Now that you have the top section removed, let's do the bottom section. The bottom has two plastic L-clips that connect to the frame of the car at the very bottom. You need to remove the interior door sill trim to get at these clips to push them back and release the B-pillar trim. Start by removing the kick panel- there are two phillips screws, the bottom one behind a small cover. It will seem like the kick panel is fixed behind the dead pedal... but it's not. Just pull the damn thing out of there. It _IS_ hooked into the plastic trim on the inside of the door sill, but if you (gently) pull up and in on the edge of the kick panel where it overlaps the sill, after you've removed the screws holding it in place, the panel should just pop out.

Surprise! under the kick panel is lots of wires. Also, the end of the door sill interior trim.

The door sill trim is held down by three clips in front of the B-pillar, and at least one behind it. The three in front are 5, 15, and 24 inches back from the front edge of the trim strip. Lift straight up on the trim to pull out the clips, taking more care as you get closer to the joint where the door trim and the B-pillar trim meet, near the bottom seatbelt connection.
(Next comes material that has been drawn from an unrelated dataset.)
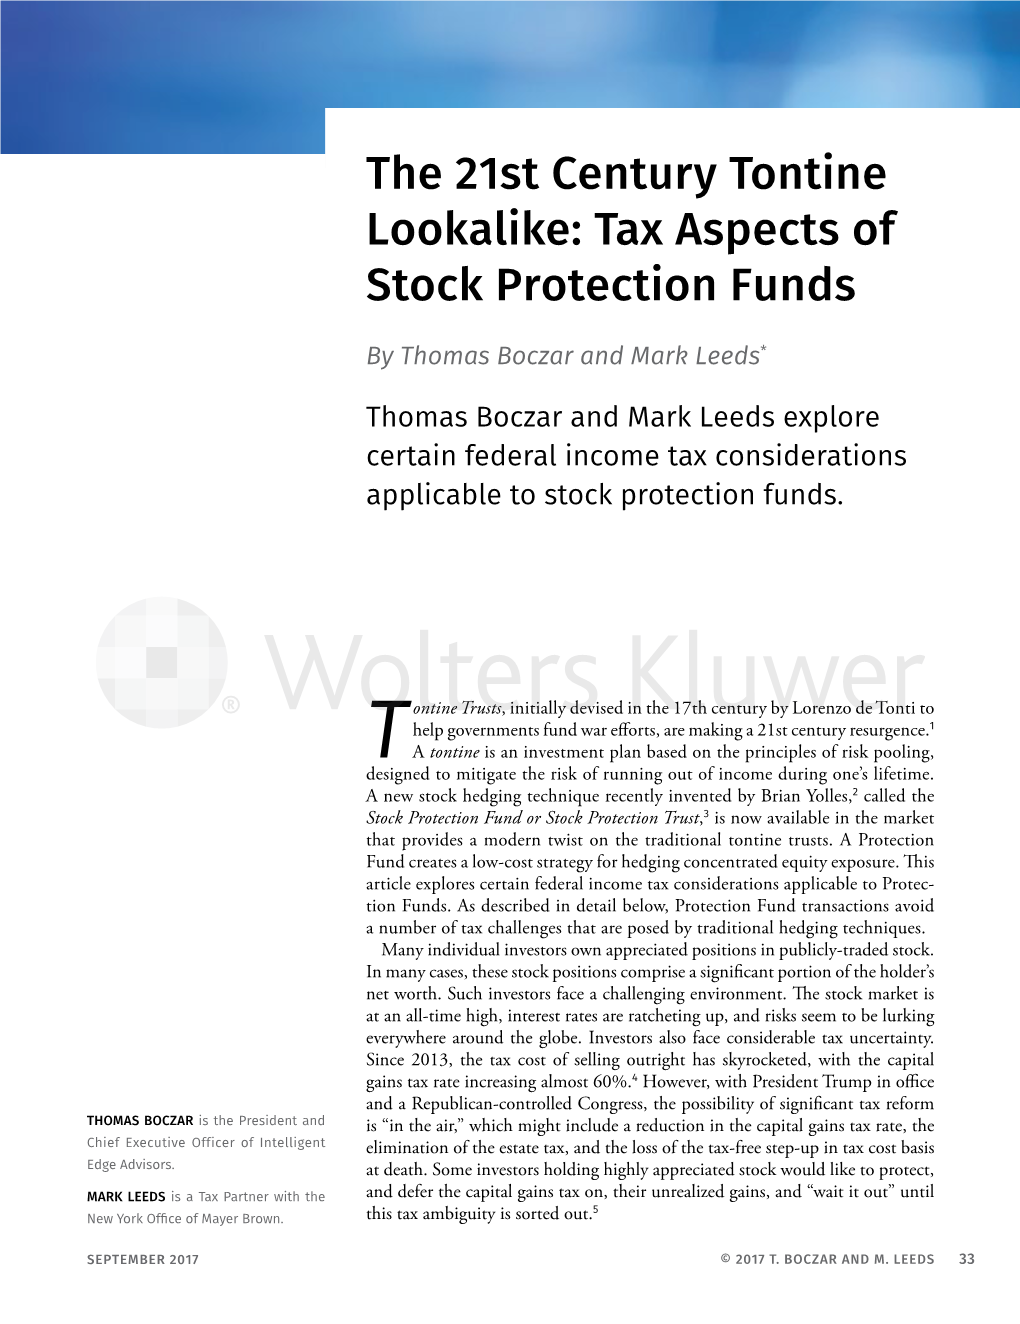 The 21St Century Tontine Lookalike: Tax Aspects of Stock Protection Funds

There are three plastic clips that hold the door trim under the B-pillar trim, seen below (left in the picture is the rear of the car). It is possible to pop the first two out by depressing the plastic around the seatbelt slot.
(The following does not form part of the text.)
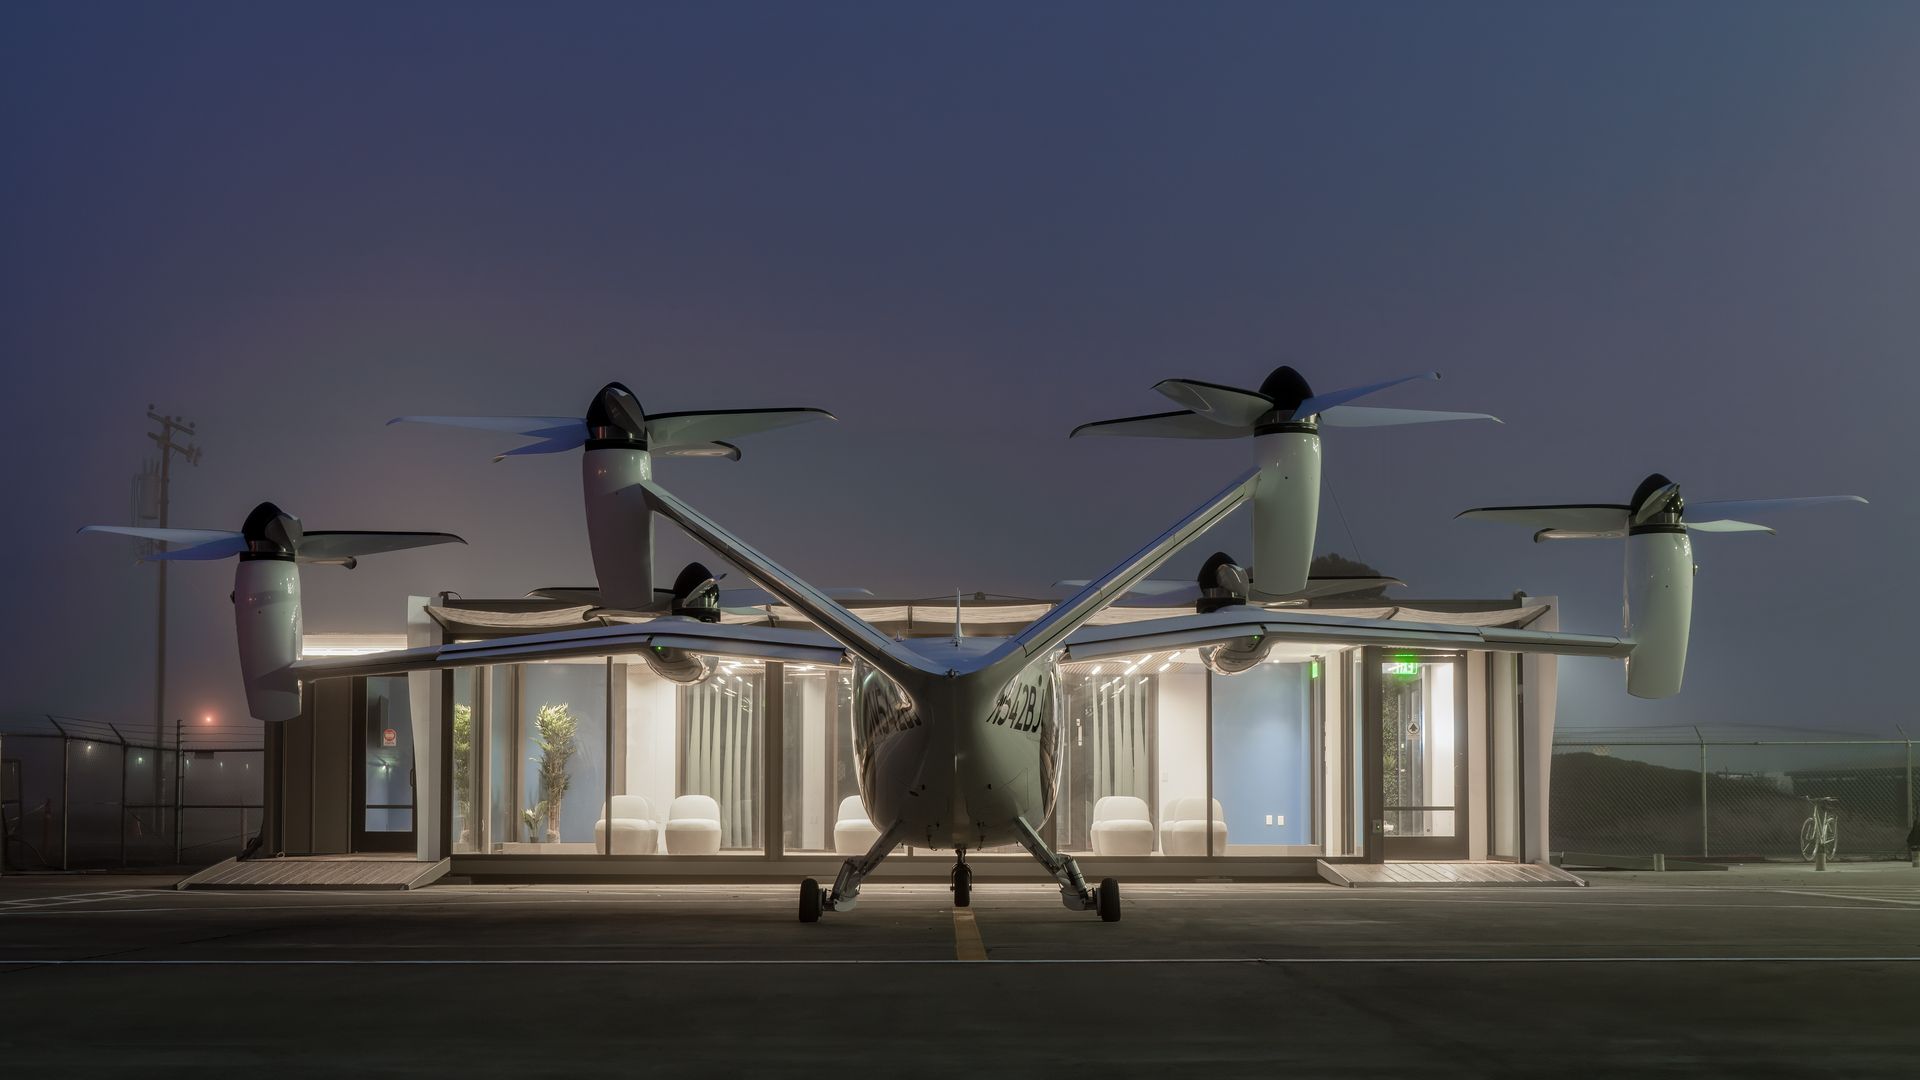 Nightime image of a electric air taxi parked in front of a so-called vertiport where commuters can catch a convenient flight to or from the airport.

There are four "feet" that the pillar trim rests on. The inboard two are L-shaped clips. Reach down in the slot, push the clips gently towards the outside of the car, and simultaneously lift up on the trim, sliding it towards the roof of the car. once you free the clips from the car body, you can unhook the last clip from the door sill trim (near my fingers in the above picture).

Voila! You should be holding the lower section of b-pillar trim in your hands. Remove the cable clips and the plug for the security system button, and set the trim aside. The seatbelt is revealed.

With the seatbelt pulled out of the way, you can see the wire looms for the rear door puddle lights and window controls. I've added an extra pair of wires, using the existing wire looms to keep my wires from fouling the seatbelt.

When removing the bottom section, I broke a clip off. When I was reinstalling the trim, I tucked the cable behind the insulation, again, to keep it from fouling the seatbelt.

When you reinstall the bottom half, you need to set it in place so that the tabs near the top of the trim piece engage the white plastic doohickey with the D-shaped posts. Put it on the pillar higher than you want it to end up, and slide it down until the clips at the bottom engage.

When reinstalling the top section, seat the bottom on the plastic hinges, and then reattach the cable to its clips. Remember to seat the cable in the little hanger at the very top of the trim, or else it will restrict the motion of the seatbelt slider. Once you've got it all clipped back together, you should be able to lock the seatbelt into 5 different vertical positions. I think it's easiest to put the belt and the slider at the top of their ranges when reassembling, but your mileage may vary.

The trim should seat firmly in a slot in the rubber seal that surrounds the doors, on both sides. you don't want to catch the seal under the trim piece. Check everywhere before you pound the clips back in place with the heel of your hand. First picture bad, second picture good.

And that's it! Of course, if you're wiring the door handles to light up, there are a couple of other steps involved, but redtwinturbo explained those nicely and so they are left as further exercise for the reader.